Thursday 27 January 2011

Kate Hawkins







Kate Hawkins has exhibited internationally and performed her work at the Barbican Art Gallery, the ICA gallery, the Zoo Art Fair and Christies Auction house in London amongst many others.

For solo Kate will undertake a performance exploring the abstract expressionist ‘gesture’ as performative identity. Throughout the duration of the performance she will undertake her own abstract expressionist gesture using a large expanse of canvas (in the vein of Pollock) and a paint-ball gun. The performance will exist in two halves. The first will form an introduction to different styles of handgun shooting. The second will involve a demonstration of those styles using a series of choreographed, repeated gestures. Throughout, the repeated gestures will become increasingly abstract so that the individual shooting ‘styles’ no longer make any sense in their disrupted context, resulting in a dance of sorts.




Monday 3 January 2011

Lisa Peachey





















Lisa Peachey studied at De Montfort University, Leicester (1996), and The Slade School of Art, UCL,London (2006). Previous exhibitions include Latitude Contemporary Art, Suffolk (2012), Artist of the Day at Flowers Gallery Central, London, (2011), and the Jerwood Drawing Prize, London (2006). In 2008 she was shortlisted for the MaxMara Art Prize, in association with the Whitechapel Art Gallery. She has also curated projects, including ‘In its wake’, at Elevator Gallery, London, and has written texts for Moot, Nottingham and Site Gallery, Sheffield.
She lives and works in London.

‘One has never seen the world well if he has not dreamed what he was seeing. In a reverie of solitude, which increases the solitude of the dreamer, two depths pair off, reverberate in echoes which go from the depths of being of the world to a depth of being of the dreamer. Time is suspended. Time no longer has any yesterday and no longer any tomorrow. Time is engulfed in the double depth of the dreamer and the world.

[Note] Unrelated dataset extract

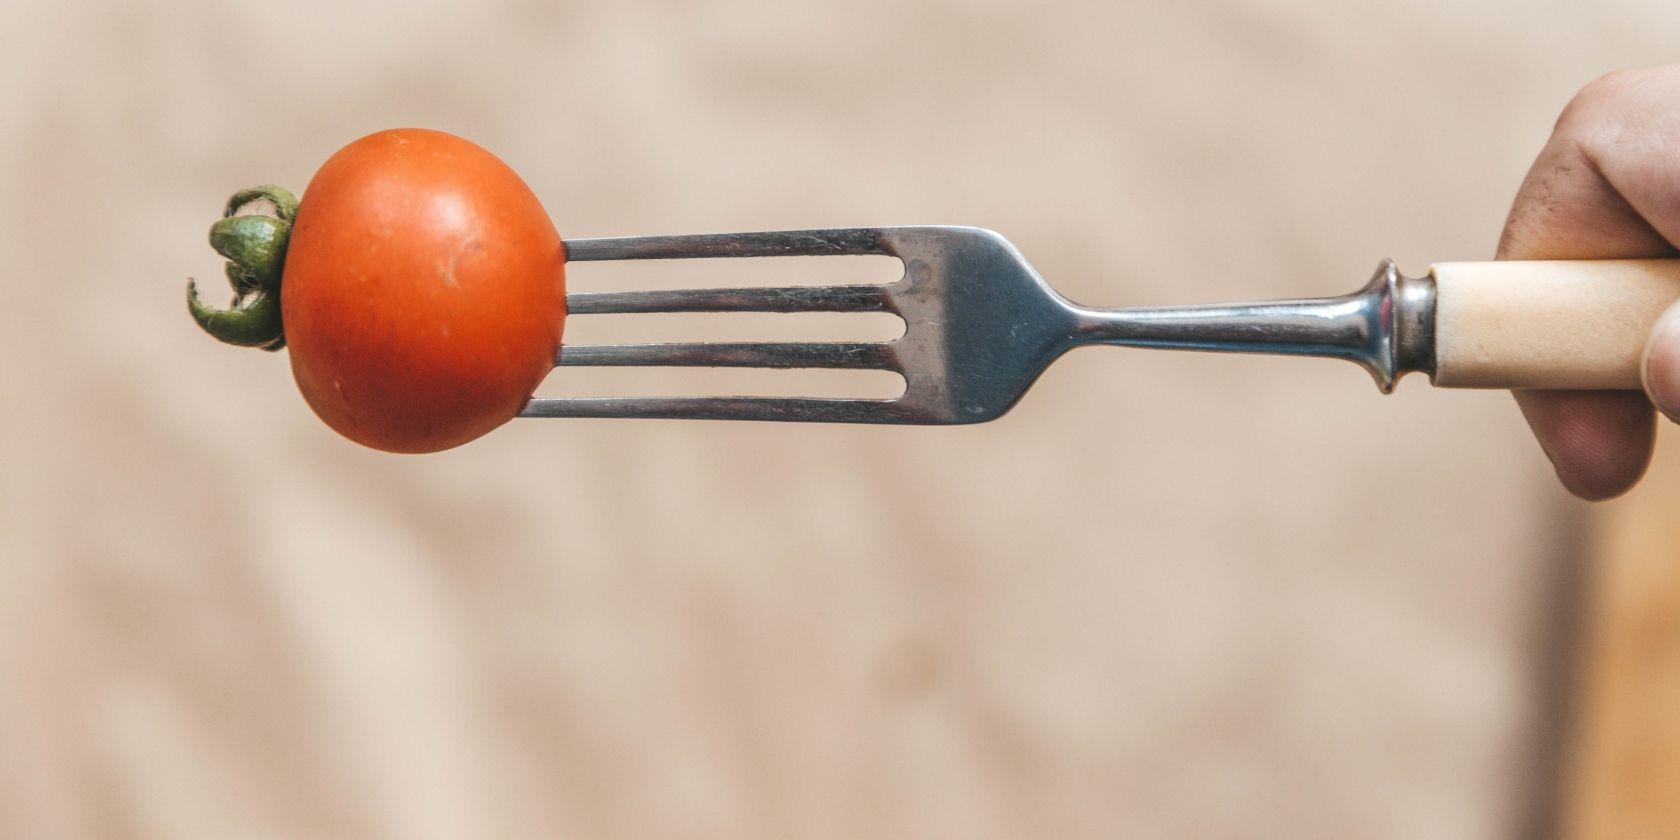 pomodorini su una forchetta

The World is so majestic that nothing any longer happens there, the world reposes in its tranquillity.’
Gaston Bachelard, The Poetics of Reverie pp118

Many of the works have concentrated on the idea of reverie, or the absent minded but lengthy rendering of 
an ‘image’.
The artist is seen whittling a rough Concorde from a lump of chalk. When the plane breaks and the artist continues
to whittle, questions arise as to whether it is the form that is being made that is important, the pile of chalk dust being drawn in her lap, or the reverie of the lengthy process in itself. The ambiguity between the formed representation and the formless, perfection and failure, the utopian dream of flight and the falling amorphousness of the dust, are played out, while the viewer is seduced into the action of creation.

Sunday 2 January 2011

Zoe Brown


ZoĆ« Brown is a London based artist and film-maker. She studied BA Hons at the Slade and then went on to the Royal College to graduate in 2006. 
Brown experiments with the use of 16mm film using loops to create an experimentally expansive narrative which often features characters from a fantastical circus trope. Each character is locked in a solo performance damned to repeat each action, eternally oblivious of the other.